LegalGPT
Graph-Augmented Legal Outcome Prediction using Citation Networks and Large Language Models
The first system to combine legal citation graph structure with LLM-based reasoning for predicting Supreme Court case outcomes
Abstract
Predicting legal case outcomes is a challenging task that requires understanding both the textual content of cases and the complex web of precedential relationships that shape judicial reasoning. We introduce LegalGPT, a novel system that combines graph neural networks with large language models for Supreme Court outcome prediction. Our approach uses GraphSAGE (Hamilton et al., 2017) to learn node embeddings from a citation network of 10,000+ cases and 150,000+ citation edges, enabling retrieval of precedents based on structural similarity rather than just lexical matching. These retrieved precedents are then provided as context to a QLoRA-fine-tuned Mistral-7B model (Dettmers et al., 2023) for outcome classification.

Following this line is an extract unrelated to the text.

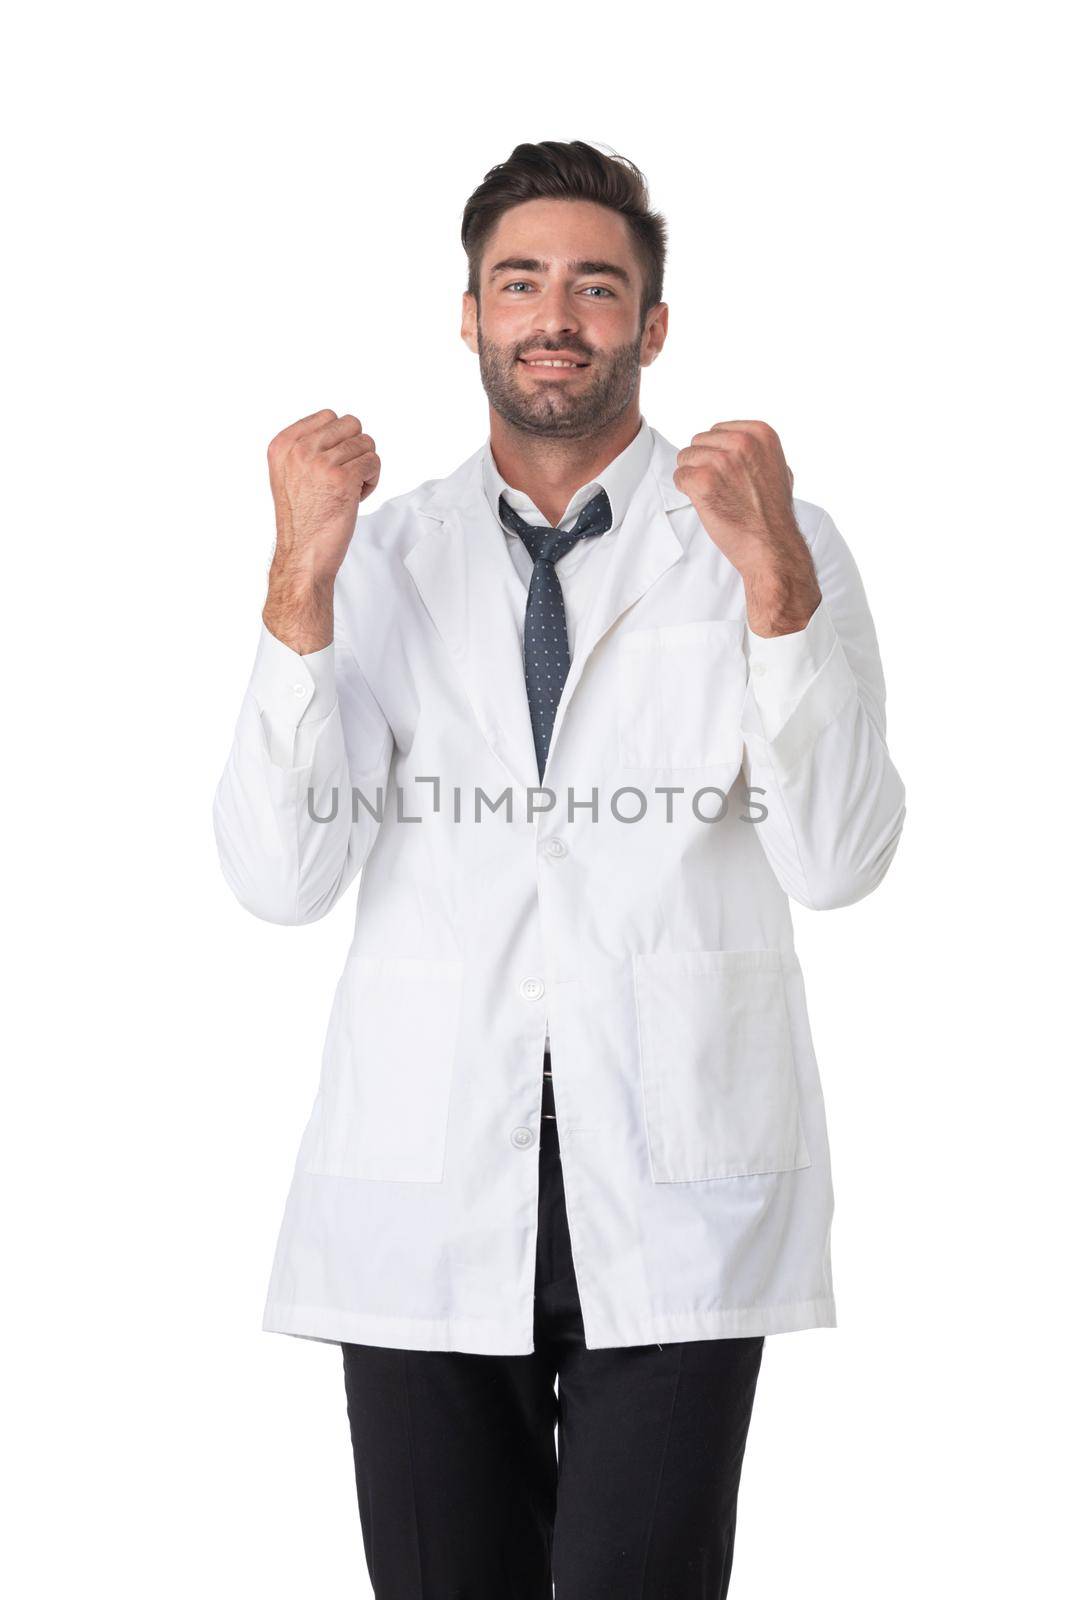 Portrait of doctor man holding fist success sign isolated on white background

On a held-out test set, LegalGPT achieves 0.80 AUROC and 76% accuracy, representing a +9.6% improvement over text-only baselines and +5.2% over prior state-of-the-art methods (Katz et al., 2017). Ablation studies demonstrate that graph-augmented retrieval contributes +6% AUROC over dense retrieval alone, validating the importance of citation structure. We release our code, trained models, and dataset to facilitate reproducibility and future research in legal AI.
0 Introduction
Motivation
The United States Supreme Court decides approximately 80 cases per term, each establishing precedents that shape American law for decades. Understanding and predicting these outcomes has profound implications for legal practitioners, scholars, and policy makers. While prior work has achieved moderate success using hand-crafted features (Katz et al., 2017; Kaufman et al., 2019) or transformer-based text classification (Chalkidis et al., 2019), these approaches treat cases as isolated documents, ignoring the rich network of citations that encodes how legal reasoning propagates through the judicial system.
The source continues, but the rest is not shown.